BCB 590
Lab 3
Database Searching
with BLAST
Instructions:
Objectives
1. Use BLAST programs to retrieve similar sequences from a database
2. Understand the significance of the BLAST results
3. Use PSI-BLAST to detect distantly related sequences
Introduction
This lab has been designed to give you practice using BLAST and interpreting the results of a BLAST search. You will be able to find similar sequences in a database and assess if the sequence "hits" found in a database are relevant. If you are a biologist, it is likely that you have already used many of the programs introduced in this lab without knowing exactly what they are doing. The lab is designed to give you some practice with using the programs and interpreting the results.
Exercises
Our first task is to read through the BLAST program selection guide. Even if you have used BLAST before, you will probably learn something new by reading the selection guide. It contains a lot of good information about all of the options that are available. After learning a bit about which BLAST program to use and database to search against, we need to know how to analyze your search results.

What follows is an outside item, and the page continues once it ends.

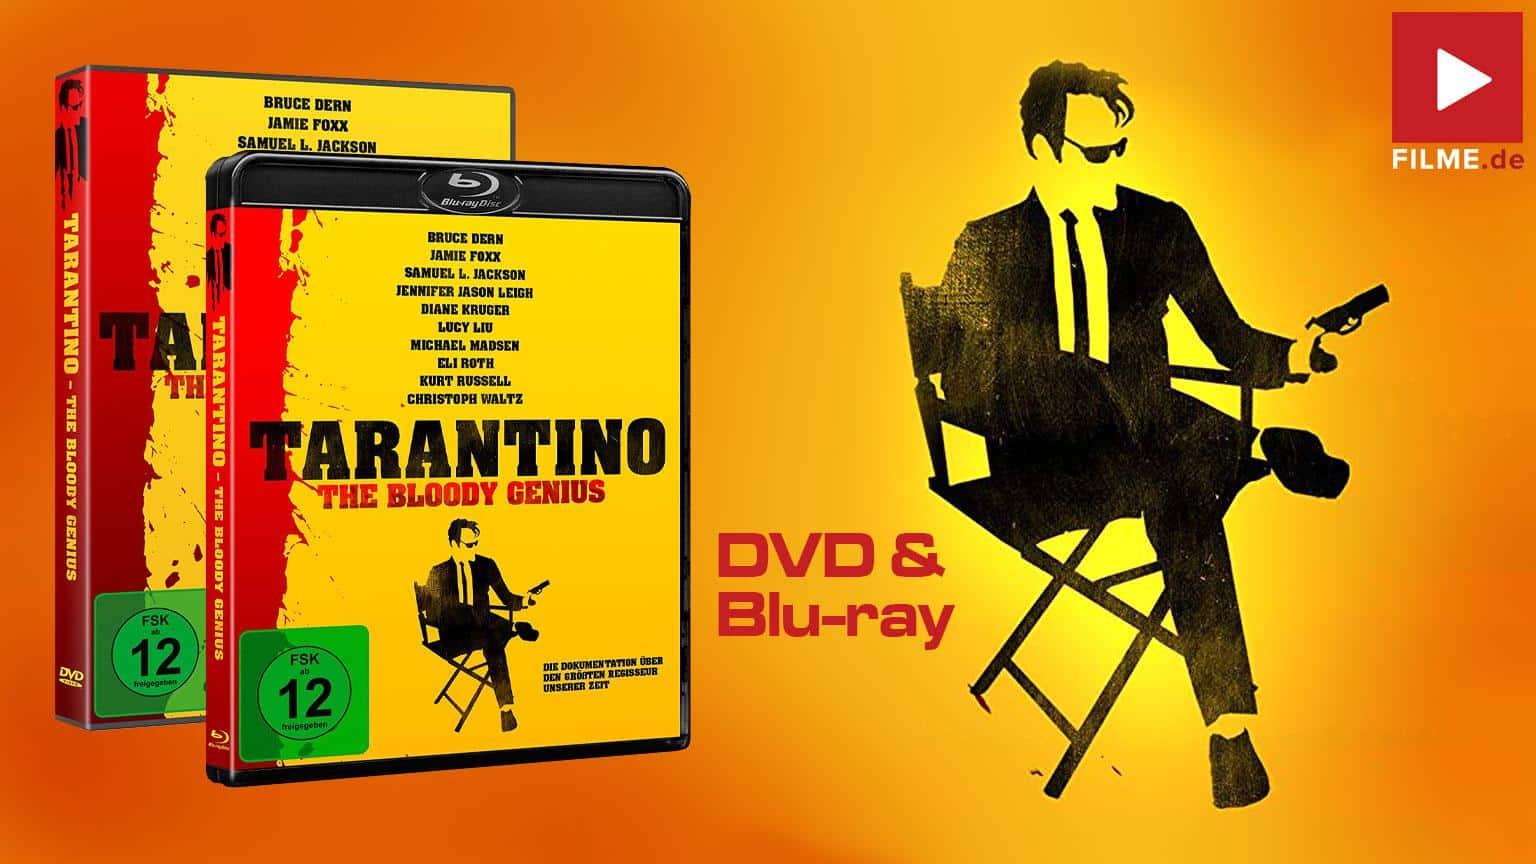 Tarantino the bloody genius gewinnspiel artikelbild

Read the Statistics of Sequence Similarity Scores page to get an idea of what all the numbers and options mean.
1. What does an E-value of 2 mean?
Note: This portion of the exercise and questions related to it come from an exercise by Susan Cates - Cates, S. (2007, September 4). Introduction to Sequence Alignment. Retrieved from the Connexions Web site: http://cnx.org/content/m11026/2.12/
We will begin our BLAST searches with the following nucleotide sequence:
TCAAGCAGATCACTGTCCTTCTGCCATGGCCCTGT
GGATGCGCCTCCTGCCCCTGCTGGCGCTGCTGGCC
CTCTGGGGACCTGACCCAGCCGCAGCCTTTGTGAA
CCAACACCTGTGCGGCTCACACCTGGTGGAAGCTC
TCTACCTAGTGTGCGGGGAACGAGGCTTCTTCTAC
ACACCCAAGACCCGCCGGGAGGCAGAGGACCTGCA
GGTGGGGCAGGTGGAGCTGGGCGGGGGCCCTGGTG
CAGGCAGCCTGCAGCCCTTGGCCCTGGAGGGGTCC
CTGCAGAAGCGTGGCATTGTGGAACAATGCTGTAC
CAGCATCTGCTCCCTCTACCAGCTGGAGAACTACT
GCAACTAGACGCAGCCCGCATGCAGNCCCCCACCC
GCCGNCTTCTGCACCGAGAGAGATGGAATTAAACC
CTTGAACCCAGCANANAAAAAAAAGAAATAAAA
Go to the NCBI BLAST page and select nucleotide blast. Enter the sequence in the text box at the top of the page. We then must change the database to search against to the “Nucleotide collection (nr/nt)” database. Choose the option for “Highly similar sequences (megablast).” Our search is now set up, but just for fun, click on the “Algorithm parameters” link at the bottom of the page. A new set of options is now available to us where we can specify more search parameters. We will leave them as is for our first search. Remember, the best way to start is with the most simple search because we are likely to find what we are looking for anyway. Click on BLAST to begin your search.
2. How long is the top
alignment? What is the E-value? What is the percent identity?
3. What organism is the most common
source of the sequences in the first 5 hits?
4. What protein is most commonly
identified in the description column of the alignments?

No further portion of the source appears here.